In this embodiment, the second bellows 200 is disposed on the upper end side of the first bellows 130, as described above, so that the space inside the first bellows 130 is a sealed space. The sealed space forms the second pump chamber P2, as mentioned above.

The above configuration allows the liquid L to be delivered from the second pump chamber P2 to the supply passage K1 via the second outlet 124 and the liquid L to be drawn into the first pump chamber P1 via the first inlet 121 when the first bellows 130 contracts. The liquid L is drawn into the second pump chamber P2 via the second inlet 123 and delivered from the first pump chamber P1 to the supply passage K1 via the first outlet 122 when the first bellows 130 expands.
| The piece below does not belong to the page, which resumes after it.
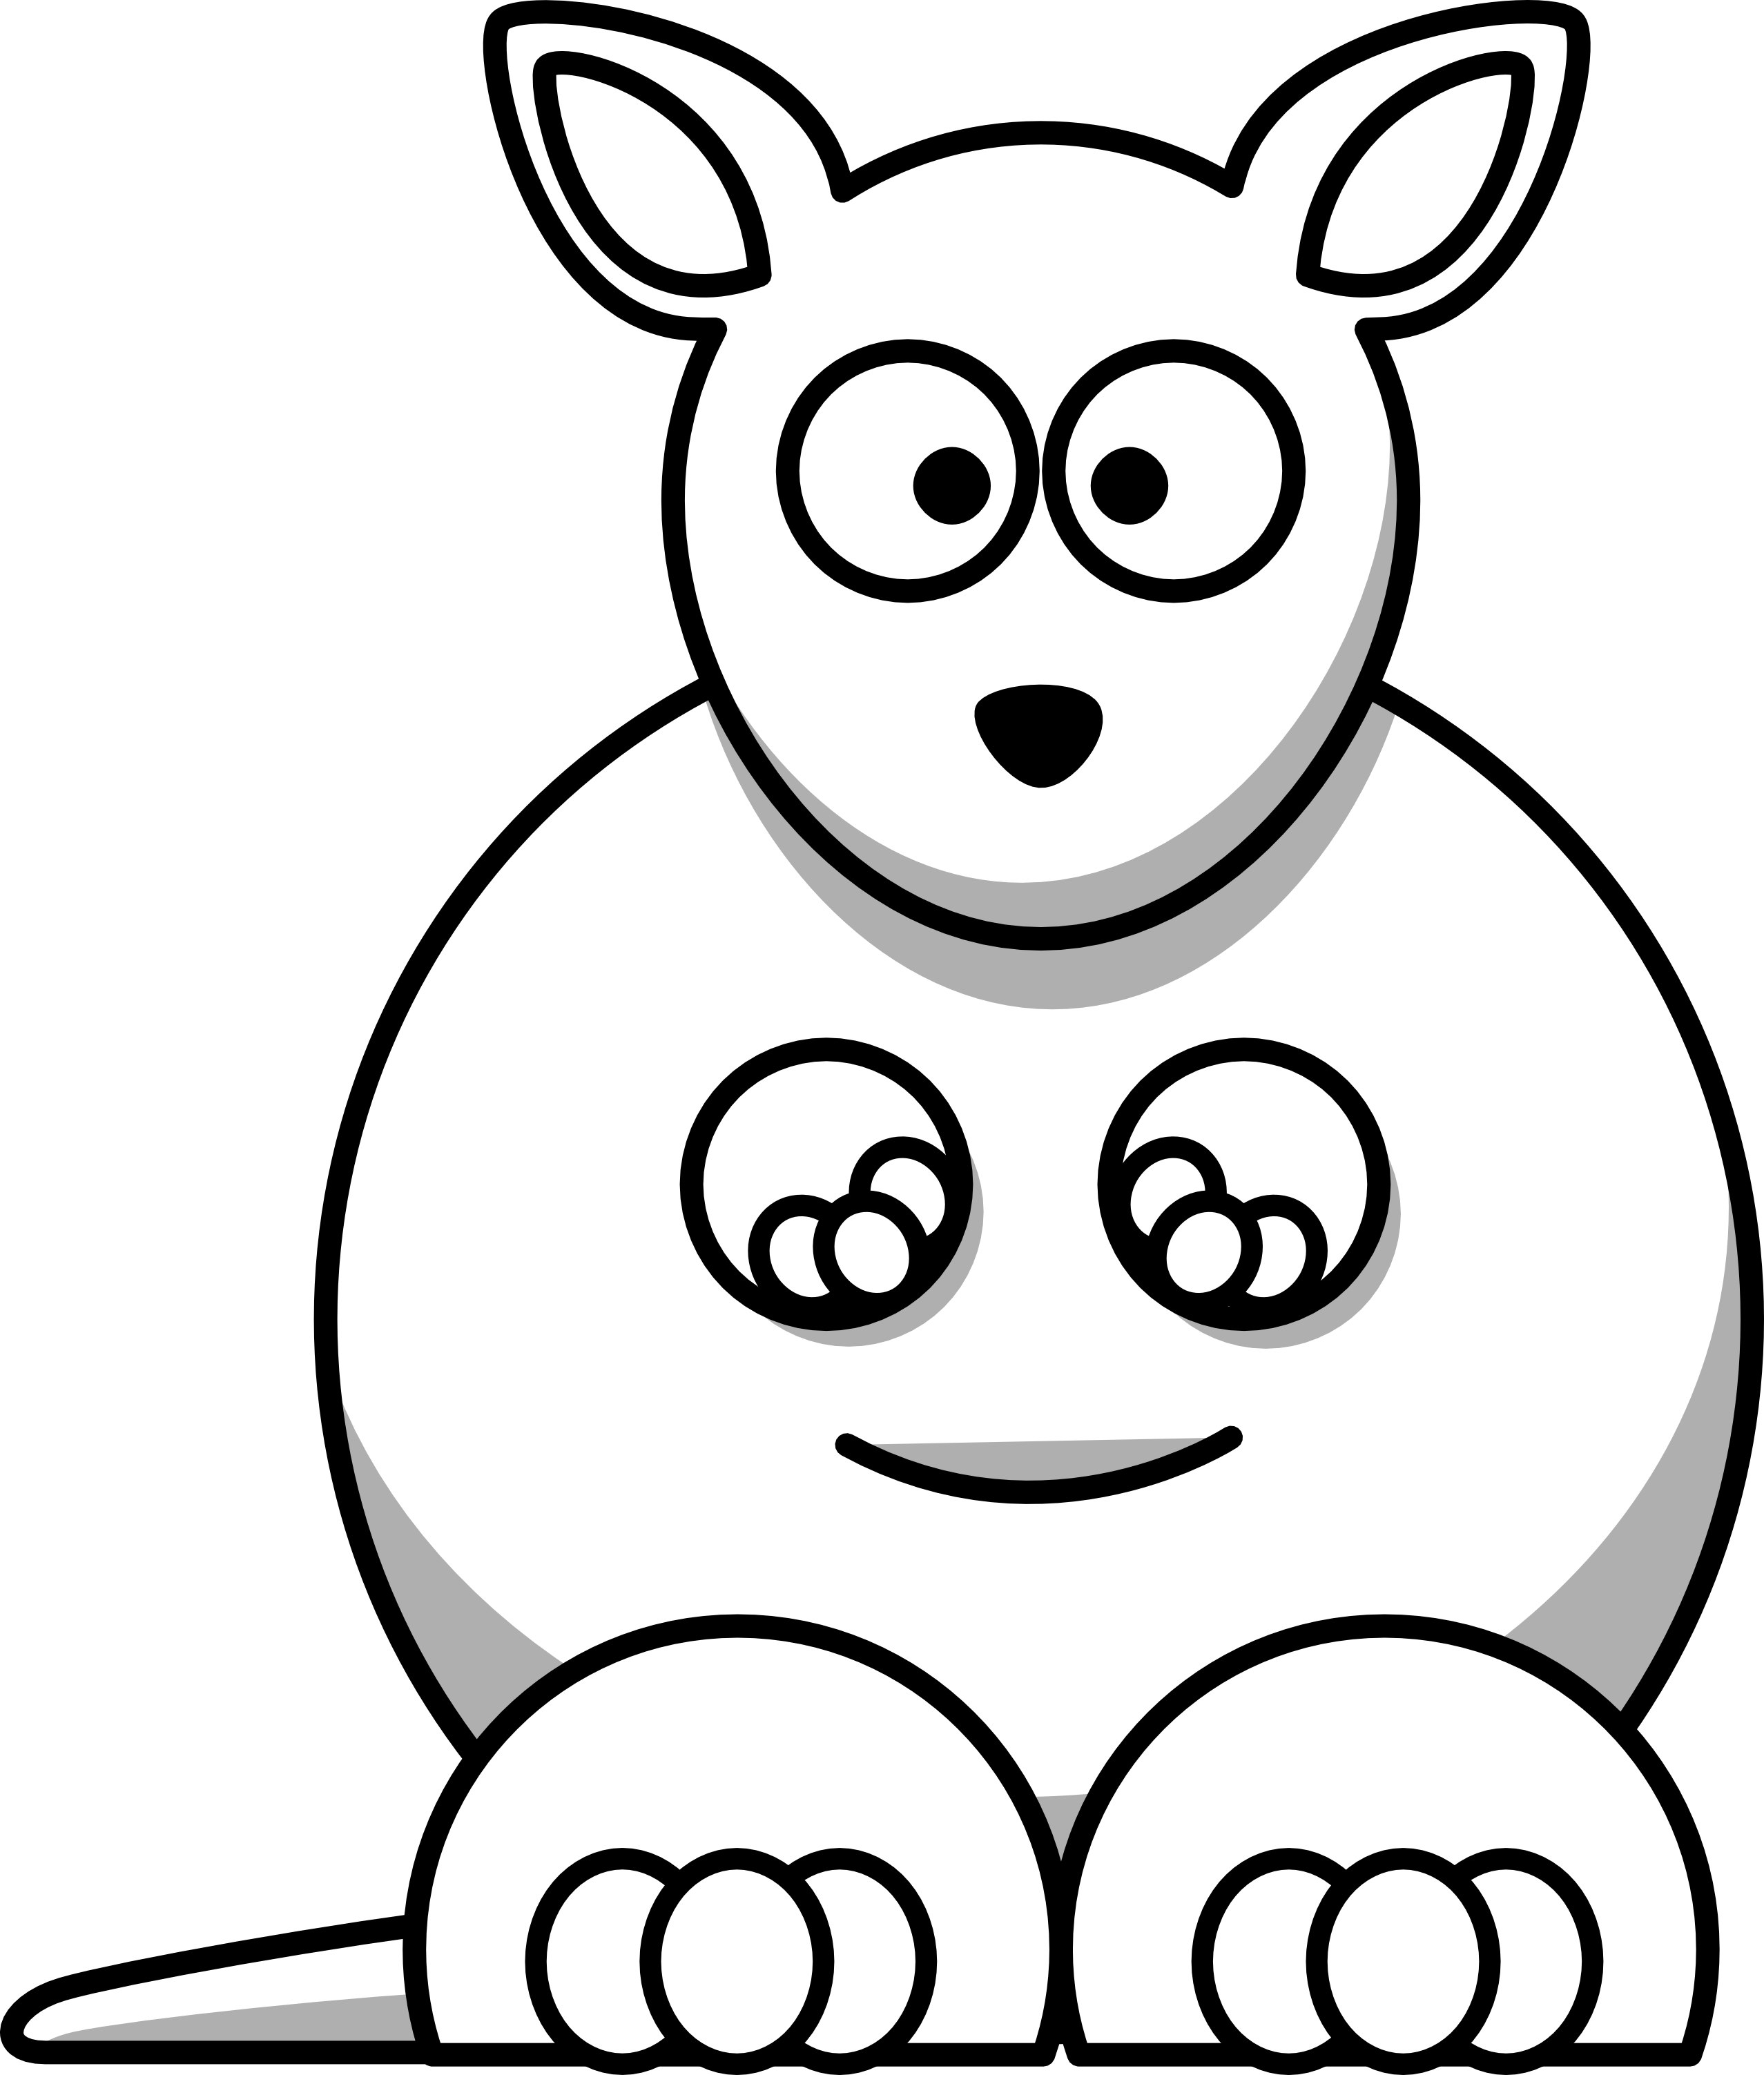 Free Black And White Drawings Of Animals Download Free Clip Art Free Clip Art On Clipart Library

Thus, the liquid L is delivered to the supply passage K1 whether the bellows 130 expands or contracts.

As described above, the liquid supply system 100 according to the embodiment supplies the liquid L to the cooling target apparatus 500 via the supply passage K1 through the repetitive expansion and contraction operations of the first bellows 130. The return passage (return pipe) K2, which is provided to connect the liquid supply system 100 and the cooling target apparatus 500, is configured to return as much liquid L as supplied to the cooling target apparatus 500 to the liquid supply system 100. A cooling apparatus 400 for cooling the liquid L to an ultra-low temperature state is disposed in the supply passage K1. The configuration enables the liquid L, which was cooled to the ultra-low temperature by the cooling apparatus 400, to circulate between the liquid supply system 100 and the cooling target apparatus 500.
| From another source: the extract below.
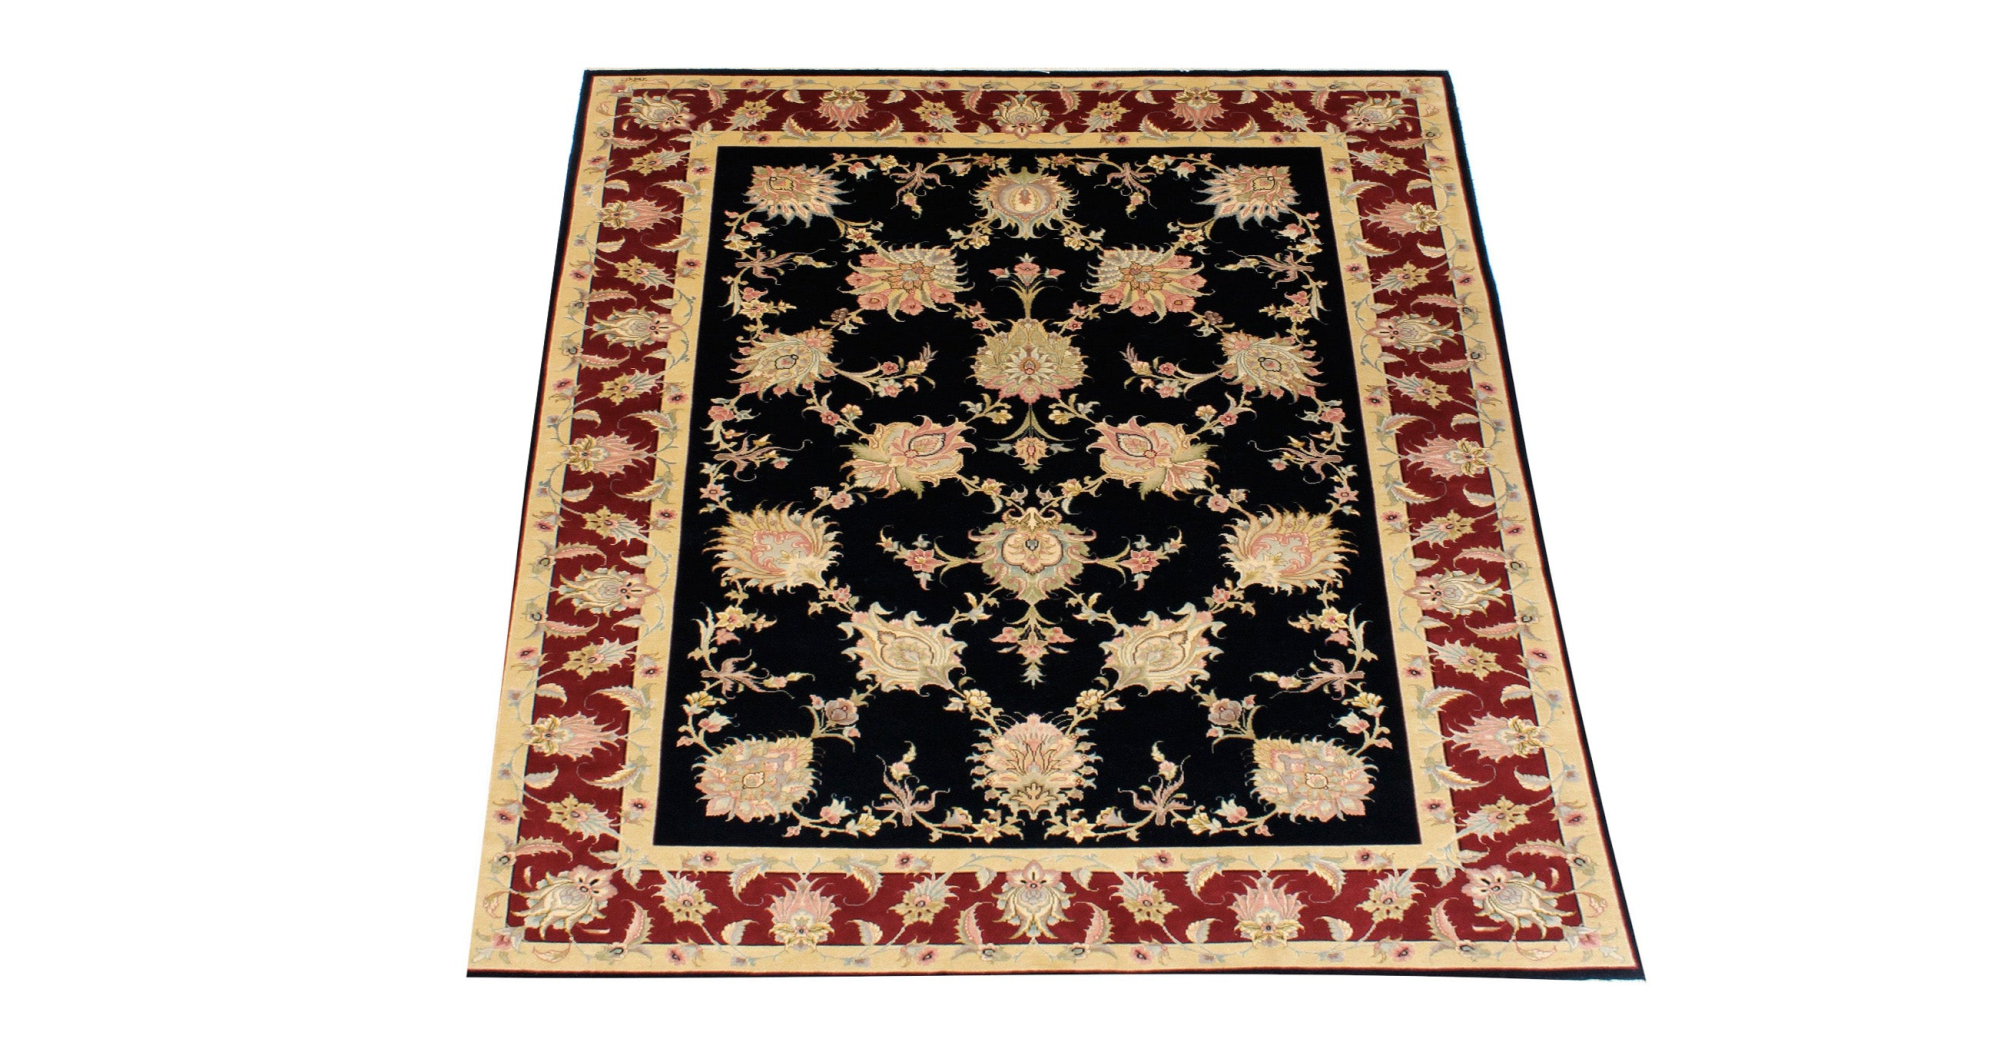 Area rug for living space and any room. Floor decor, rugs and carpets from Tabrizi Rugs. Tabriz Gol - 5'9

The shaft 150 and the cylindrical member 161 of the liquid supply system 100 according to the embodiment may be slightly rotated relative to each other due to a mechanism of the system. This may generate torsion buckling, particularly in the second bellows 200 and the third bellows 300, of which diameters are small. The liquid supply system 100 according to the embodiment has a structure to suppress the generation of torsion buckling in the second bellows 200 and the third bellows 300.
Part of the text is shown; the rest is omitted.